И, облокотясь на ручку кресла, стал излагать Завиловскому начала политической экономии, а старый шляхтич слушал, кивая и вставляя время от времени: «Скажите на милость! Новшества какие; прекрасно я без них обхожусь!»
Тетушка Бронич, поглядывая с умилением на жениха с невестой, рассказывала Плавицкому (который, в свою очередь, поглядывал умиленно на Анету Основскую) о молодых своих годах, о Теодоре – и каким горем для них было преждевременное рождение единственного их отпрыска. Плавицкий слушал рассеянно, а она так разволновалась, что голос начал дрожать.
– Теперь всю любовь я на Линеточку перенесла, на нее возложила все свои надежды и чаяния. Вы поймете меня, у вас тоже дочь. А Лоло… подумайте, каким благословением был бы для нас этот ребенок, если он даже после, с того света нам помогал.
– Очень жаль! Очень жаль! – вставил Плавицкий.

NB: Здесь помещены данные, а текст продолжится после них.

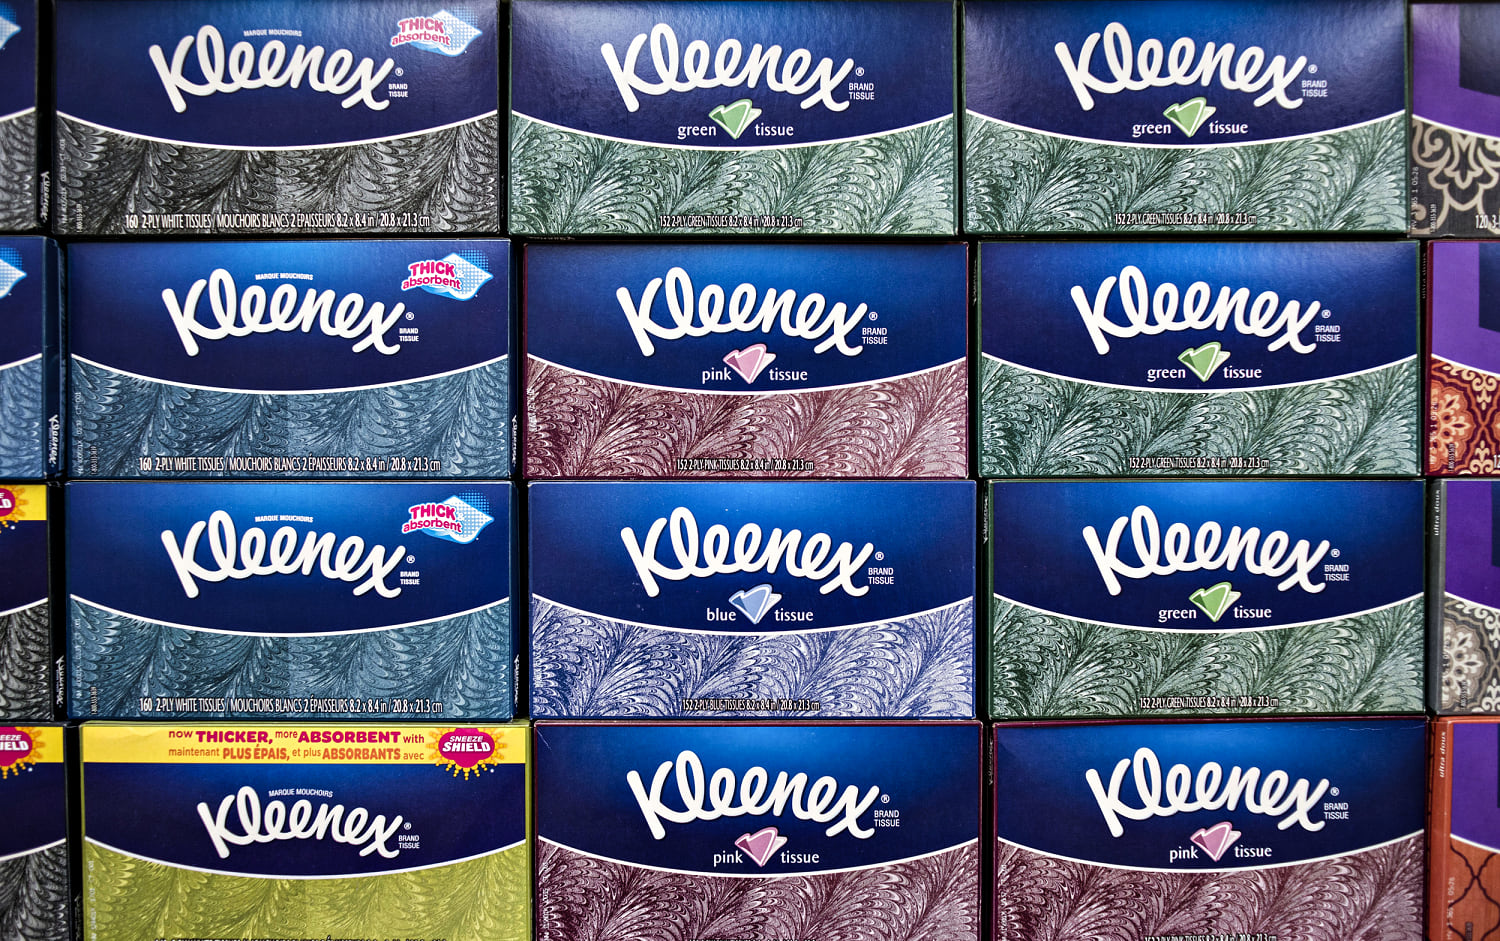 Lawsuit accuses Kleenex maker Kimberly-Clark of polluting a town with PFAS chemicals
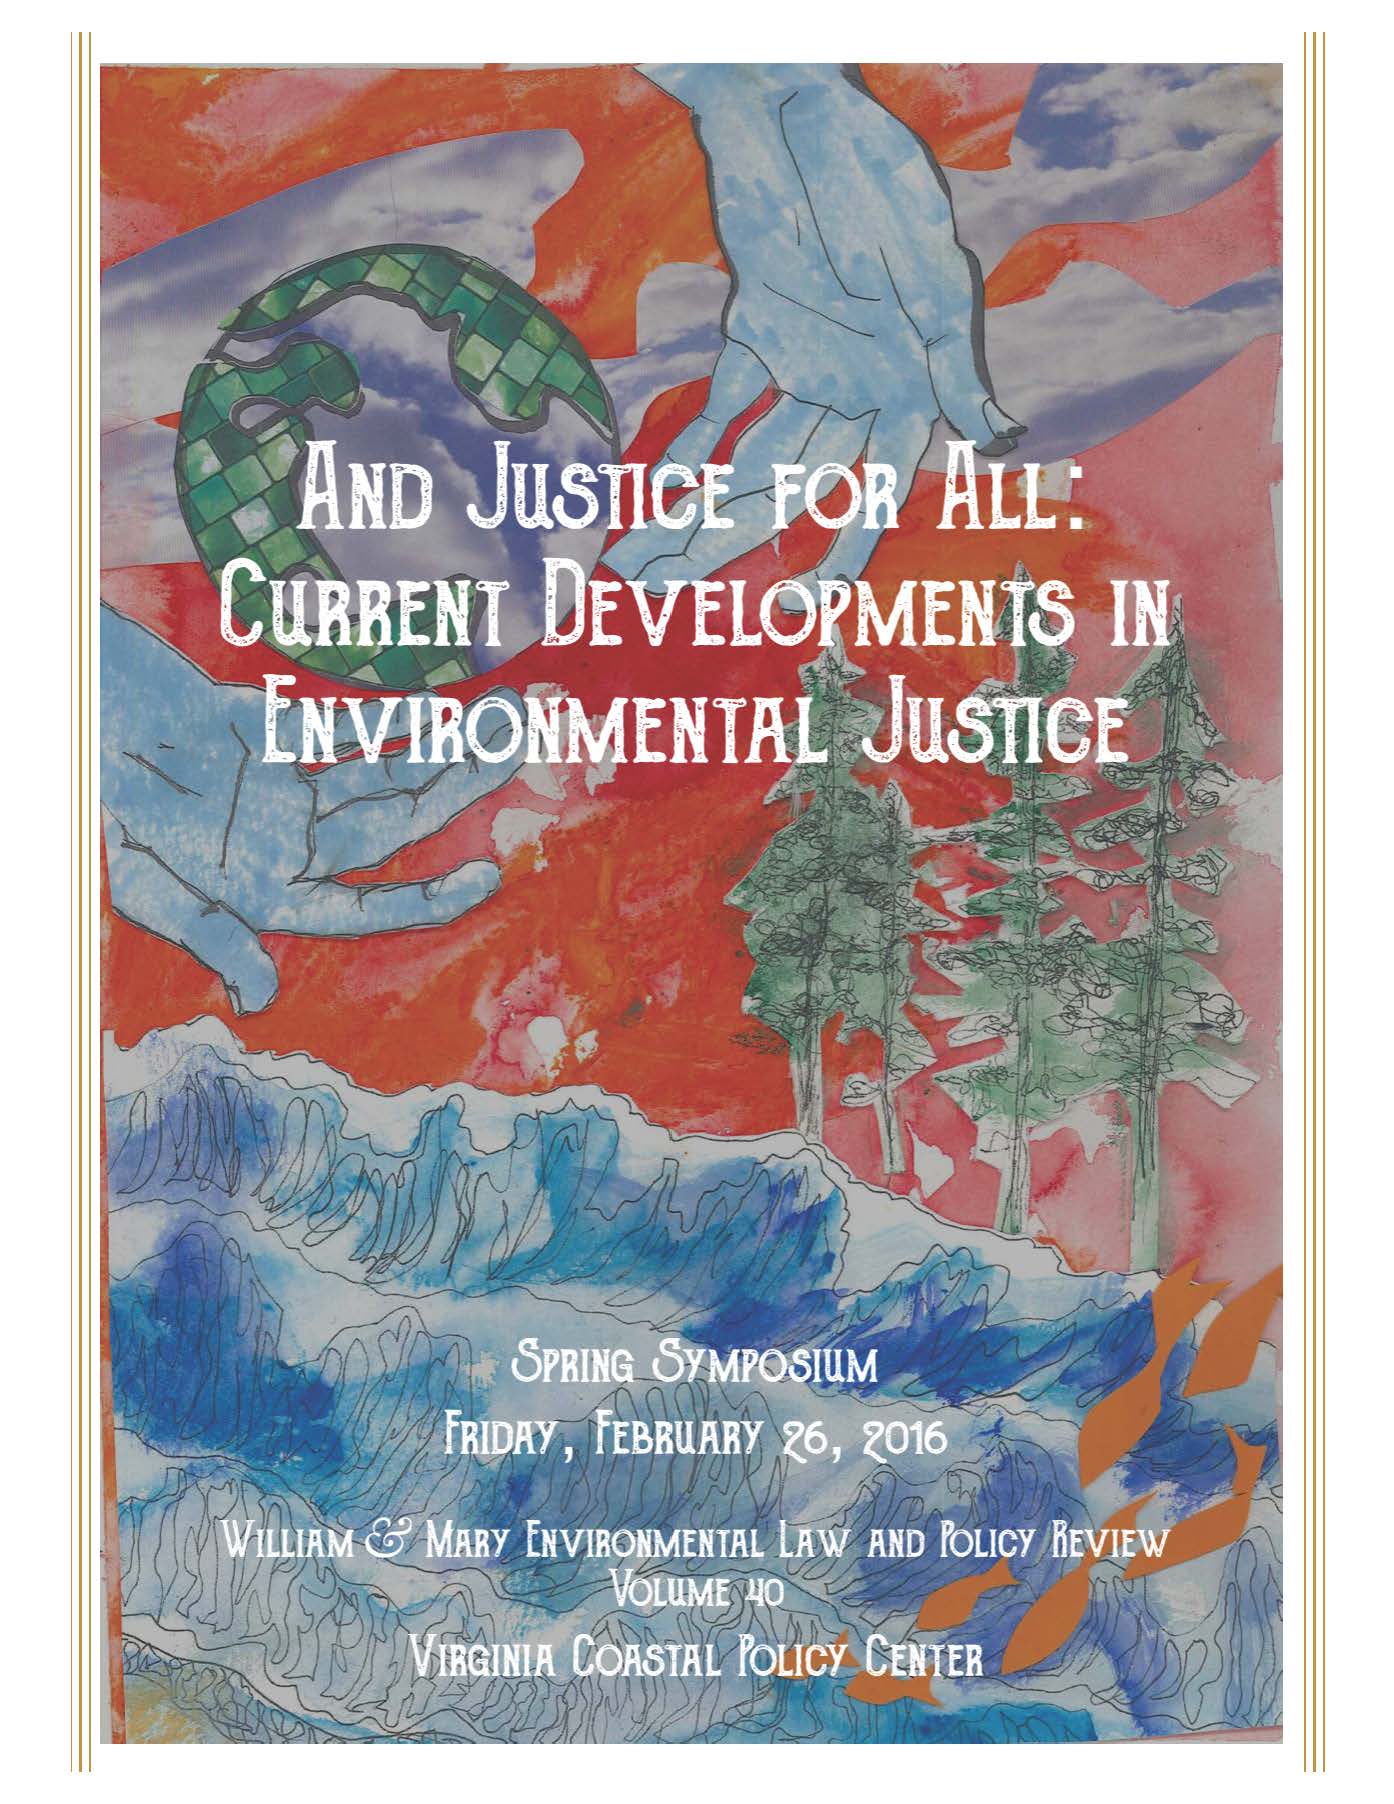 2016: And Justice for All: Current Developments in Environmental Justice

– О да! – продолжала пани Бронич. – Бывало, во время жатвы муж прибежит, воскликнет: «Lolo monte!»[62] – и всех работников в поле вышлет. У соседей пшеница в скирдах прорастала, у нас – никогда. О нет! И тем ужасней была несчастье, что уже не поправить! Муж мой в годах был – и остался мне другом, могу сказать, ближайшим, но только другом.
– Вот тут я его отказываюсь понимать, – сказал Плавицкий. – Хе-хе-хе!.. Решительно отказываюсь!
И, приоткрыв рот, покосился игриво на пани Бронич.
– Какие вы все, мужчины, несносные, – ударила она его слегка веером по руке. – Ничего святого для вас нет!
– А кто эта бледная дама, точно с портрета Перуджино? – спрашивал тем временем Свирский у Марыни. – С которой беседует ваш муж?
– Это знакомая наша, пани Машко. Вас ей разве не представили?
– Нет, нет, как же! Вчера на похоровах познакомили, но фамилию забыл. Знаю только, что она жена того господина, который со стариком Завиловским разговаривает. Настоящий Ваннуччи!.. Та же квиетистская отрешенность – и в желтоватых тонах. А черты правильные. – И прибавил, продолжая ее рассматривать: – Лицо неподвижное, но фигура чудо как хороша. Кажется худощавой, но взгляните на линию плеч и спины!
Но Марыню мало интересовали спина и плечи пани Машко, она с беспокойством следила за мужем. Поланецкий как раз наклонился к Терезе и что-то ей говорил: что – Марыня, сидевшая слишком далеко, расслышать не могла. Но ей показалось, что смотрит он в ее неподвижное лицо и тусклые глаза таким же взглядом, каким иногда смотрел на нее во время свадебного путешествия. Ах, до чего знакомый взгляд! И сердце у нее сжалось, словно в предчувствии несчастья. Но она тут же сказала себе: «Быть не может! Стах на это неспособен!» Однако не могла удержаться, чтобы не смотреть в их сторону. Поланецкий говорил о чем-то с жаром, а та слушала с обычным своим безразличием. «И что мне только в голову лезет? – подумала Марыня. – Просто оживлен, как всегда, и ничего больше». Окончательно рассеял ее сомнения Свирский, не то заметив ее беспокойство и пристальное внимание, не то и в самом деле не находя ничего особенного в выражении лица Поланецкого.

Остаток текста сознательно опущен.